Well, I say, so what! Things keep happening,
things of interest.

It was only last week I put into words my affection
for Darwin and William James--based on their openness,
their unpretentiousness.

And discoveries! My new admiration: the lovely books
designed by Leonard Baskin, now on display
at the Library of Congress.

These small epiphanies seem to me OK things,
and these stealthy days--I've never wanted to slow them,
only to fill them.

 

TOUCHING THE PAST

Uptown New Orleans, 1940,
And here was a man of the right color,
Old enough to have been there,

Who maybe heard. So I inquired
From the old man doing his yard work,
"Ever hear Buddy Bolden play?"

"Ah, me," he said, stopping his work.
"Yes. But you mean King. King Bolden.
That's what we called him then."

He leaned on his rake a while, resting.
"Used to play in Algiers, played so loud
we could hear him clear 'cross the river."

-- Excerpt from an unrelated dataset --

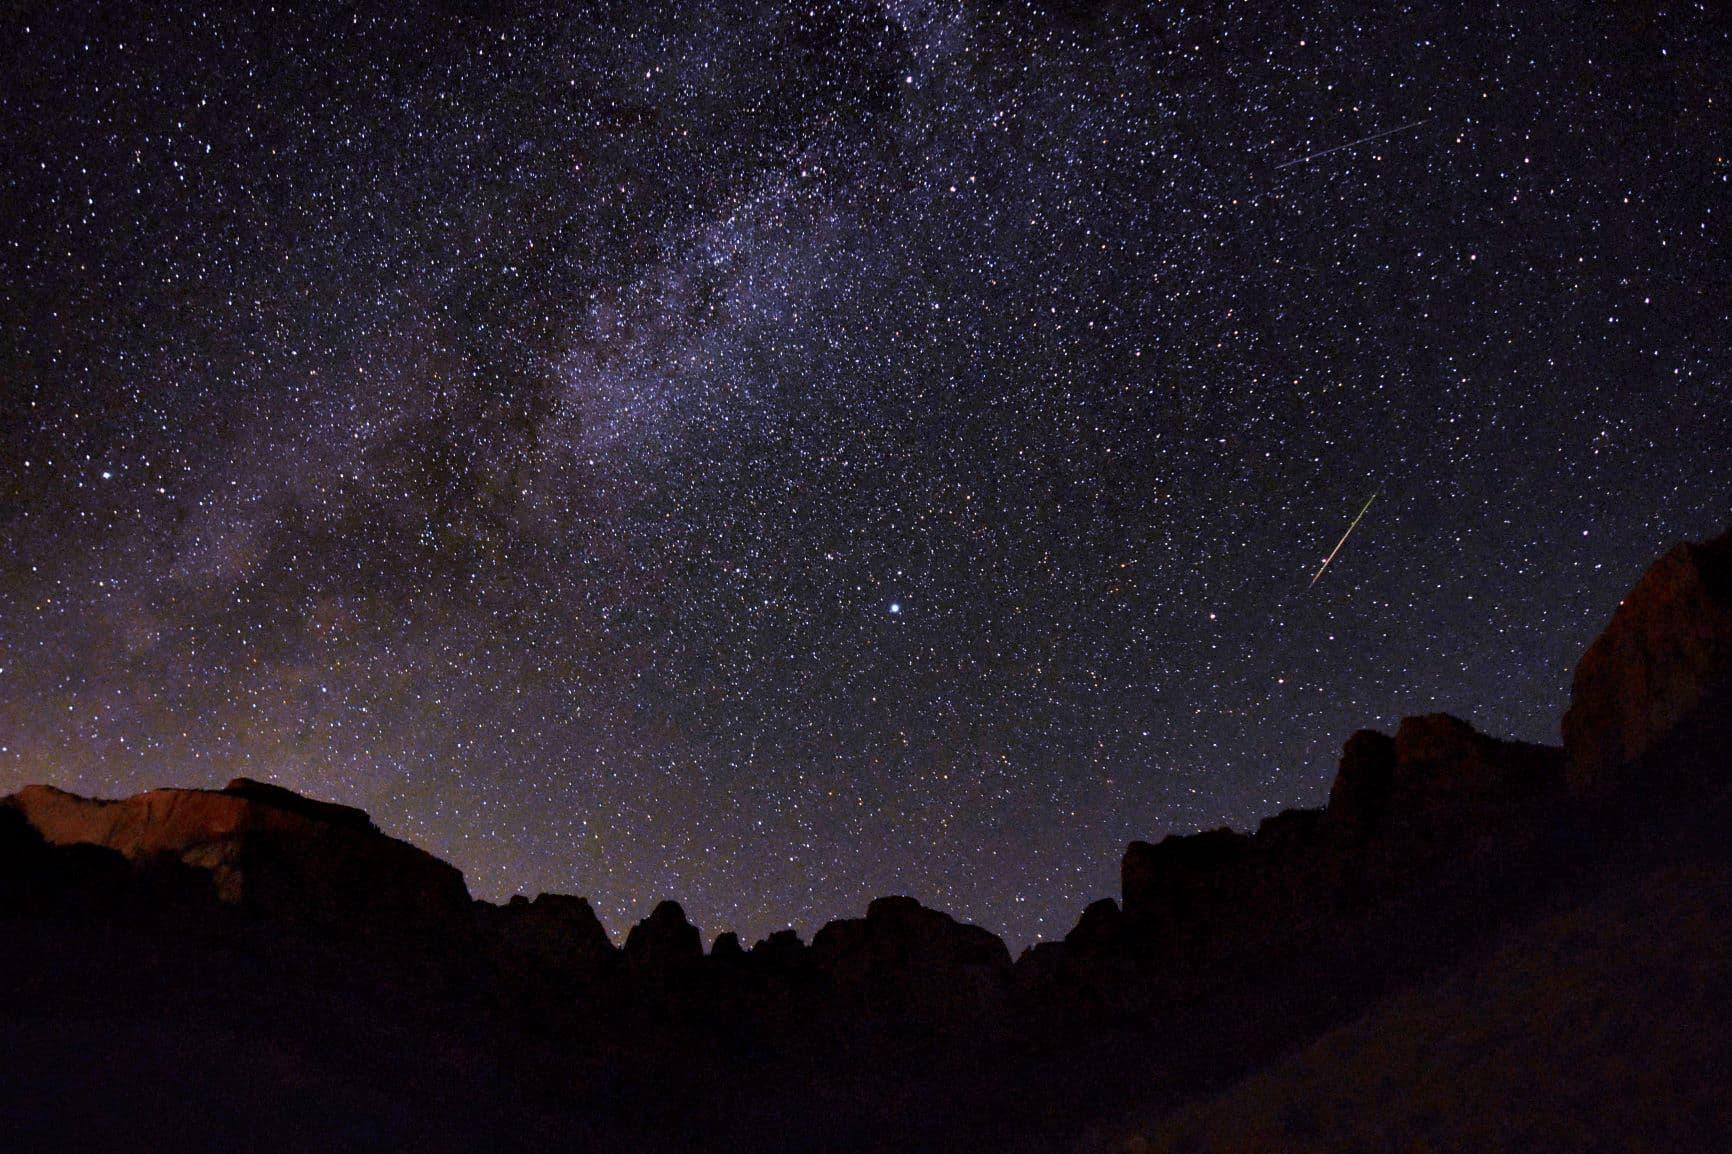 Zion national park, dark sky, Utah

He seemed listening. "King Bolden, now,
There was a man could play." We stood there,
Thinking about it, smiling.

 

MISTER LESTER JANUARY

Mister Lester January, I have never met you,
But forty years ago you were a butcher in Vicksburg,
And I saw your sign many times: Lester January, Butcher.

Mister Lester January (if you are still with us), you won't remember
You bought a little goat once, as a routine transaction,
Whose name was Mondamin. You couldn't have known his name.

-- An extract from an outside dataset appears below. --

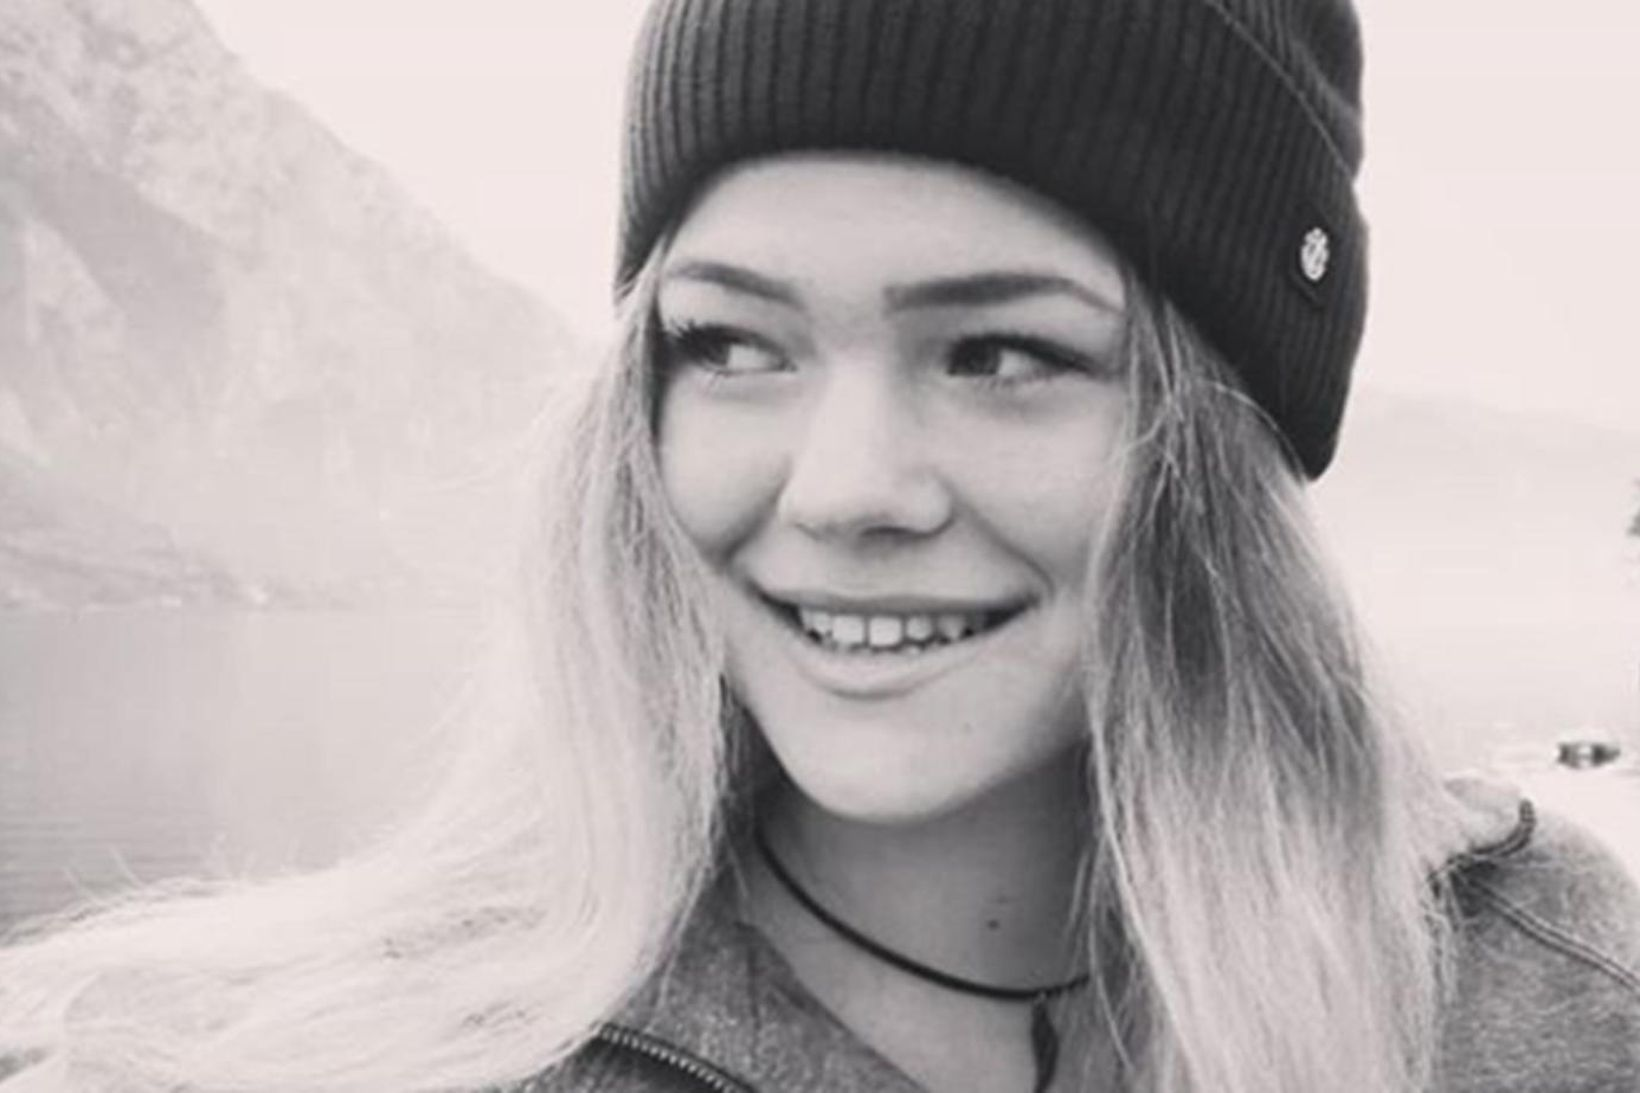 Johanna Bassani var aðeins 18 ára þegar hún lést.

Mister Lester January, Mondamin was my little goat.
Had a little "baa"; loved milk; and butted my gently.
Became a nuisance to parents. Had to be sold.
And you were the chosen recipient.

Mister Lester January, I am not angry, but one question, please:
That time when you butchered and sold Mondamin,
Tell me, did you describe him to customers truthfully?


 

Robert Sargent is the author of ten books: Now is Always the Miraculous Time (1977), A Woman from Memphis (1979), Aspects of a Southern Story (1983), Fish Galore (1989), The Cartographer (1994), Stealthy Days (1998), The Jazz Poems of Robert Sargent (2000), Altered in the Telling (2001),Wonderous News (2002), and 99 After 80 (2003). Individual poems of his have appeared in such journals as the Antioch Review, New York Quarterly, Sou'wester, College English, Poetry East, Pembroke Magazine, and Poetry. He has served as President of Washington Writers Publishing House, on the Board of The Word Works, Inc. and The Bunny and Crocodile Press, and is a long-time member of the Capitol Hill Poetry Group. In 1996 he received the Columbia Merit Award from the Poetry Committee of the Greater Washington DC Area. He is the father of three children.

Published in Volume 5, Number 2, Spring 2004.